|Year : 2015 | Volume
| Issue : 1 | Page : 80-82
Surgical management of acromegaly in a resource-challenged environment
Idowu Olufemi Emmanuel1, Audu Safina Mary-anne2
1 Department of Surgery, Neurosurgery Division, Lagos State University College of Medicine, Lagos, Nigeria
2 Department of Family Medicine, Lagos State University Teaching Hospital, Ikeja, Lagos, Nigeria
|Date of Web Publication||13-Jan-2015|
Idowu Olufemi Emmanuel
Department of Surgery, Neurosurgery Division, Lagos State University College of Medicine,Ikeja, Lagos
Source of Support: None, Conflict of Interest: None
| Abstract|| |
The management of acromegaly caused by an uncommon growth hormone-secreting pituitary adenoma can be challenging in low-resource African subregion. We conducted a study over a 2-year period to describe the results and challenges following surgical treatment of this rare condition in our centre. The clinical outcome was defined as successful based on the surgeon's intraoperative observation, postoperative neuroimaging findings and neuroendocrinological results. A total of three patients (two males and one female) aged 19-32 years were included. Visual impairment was the main presenting symptom in all the three patients. The postoperative period was uneventful. Acromegaly is an uncommon disorder in our region. Surgery is the treatment of choice in low-resource practice.
Keywords: Acromegaly, growth hormone-secreting pituitary adenoma, insulin-like growth factor-I, pterional craniotomy
|How to cite this article:|
Emmanuel IO, Mary-anne AS. Surgical management of acromegaly in a resource-challenged environment. Niger Med J 2015;56:80-2
| Introduction|| |
Growth hormone-secreting pituitary adenoma (GHPA) is a rare, chronic, systemic disease that is associated with premature death and significant morbidity.  It is related to high levels of growth hormone (GH) and insulin-like growth factor-I (IGF-I).
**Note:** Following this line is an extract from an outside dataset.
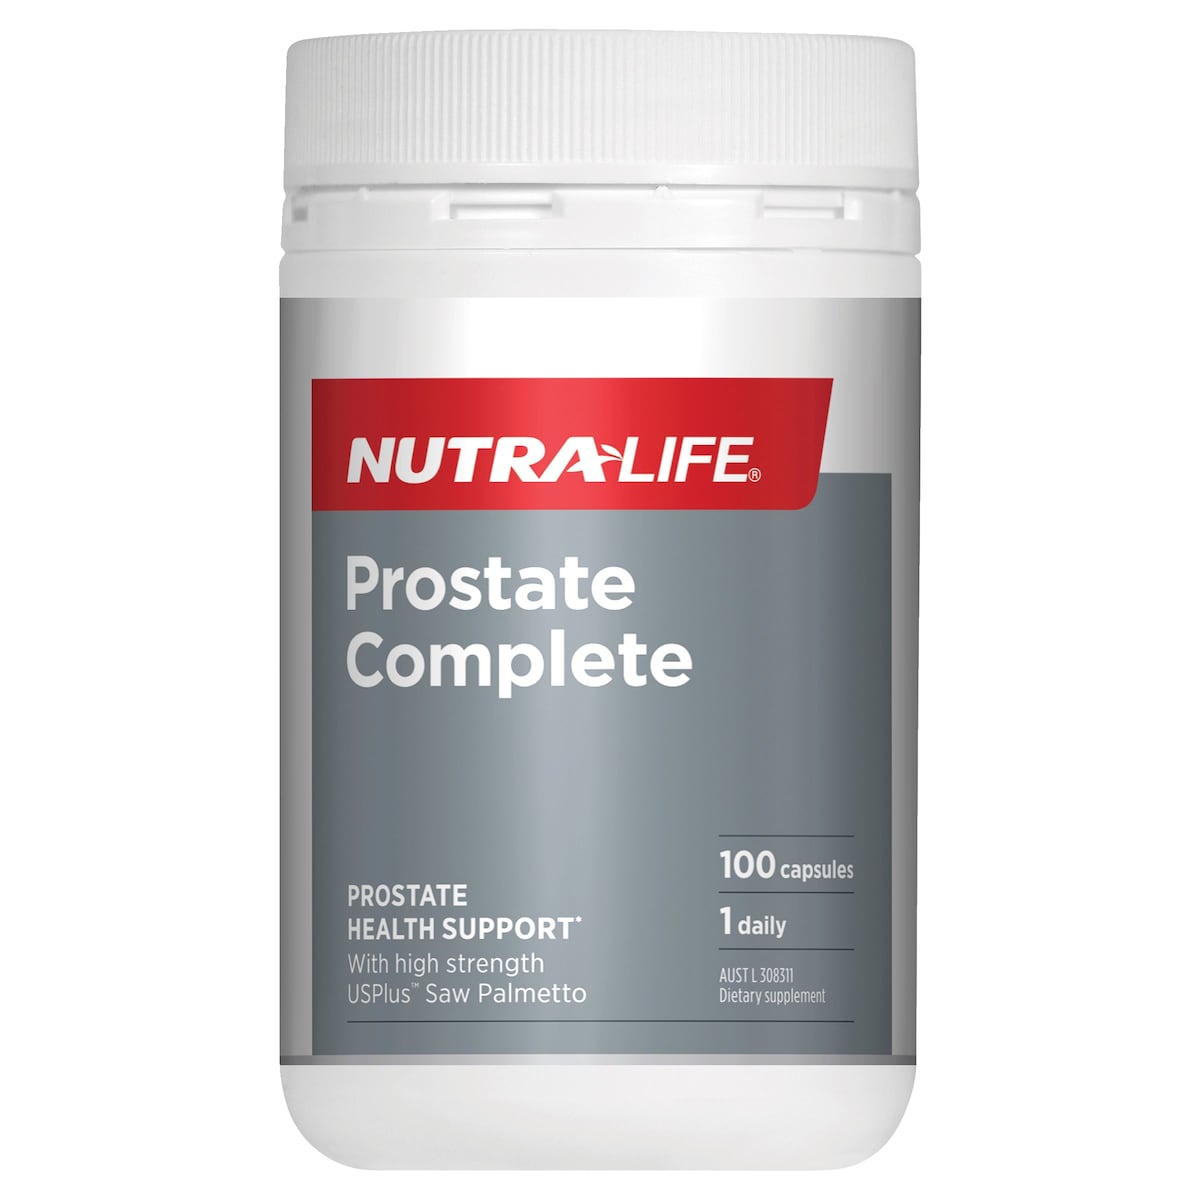 Nutra-Life Prostate Complete 100 Capsules

The standardised mortality index (the ratio of observed mortality in the acromegalic population to expected mortality in the general population) ranged from 1.2 to 3.3. If left untreated, patients with acromegaly can die approximately10 years earlier than the healthy subjects. According to prior studies, approximately 60, 25 and 15% of the patients die from cardiovascular disease, respiratory complications and cancer, respectively. , High GH/IGF-I levels and heart disease are the main factors related to poor outcome in these patients.  Some studies have shown that cerebrovascular disorders are a frequent cause of death, particularly among women, but they also involve patients who have been treated differently many years ago (craniotomy, radiotherapy);thus, a deleterious effect of these treatments (especially radiotherapy) cannot be ruled out.  Although the quality of life is affected in patients with GHPA, it can be partially improved by effective treatment. 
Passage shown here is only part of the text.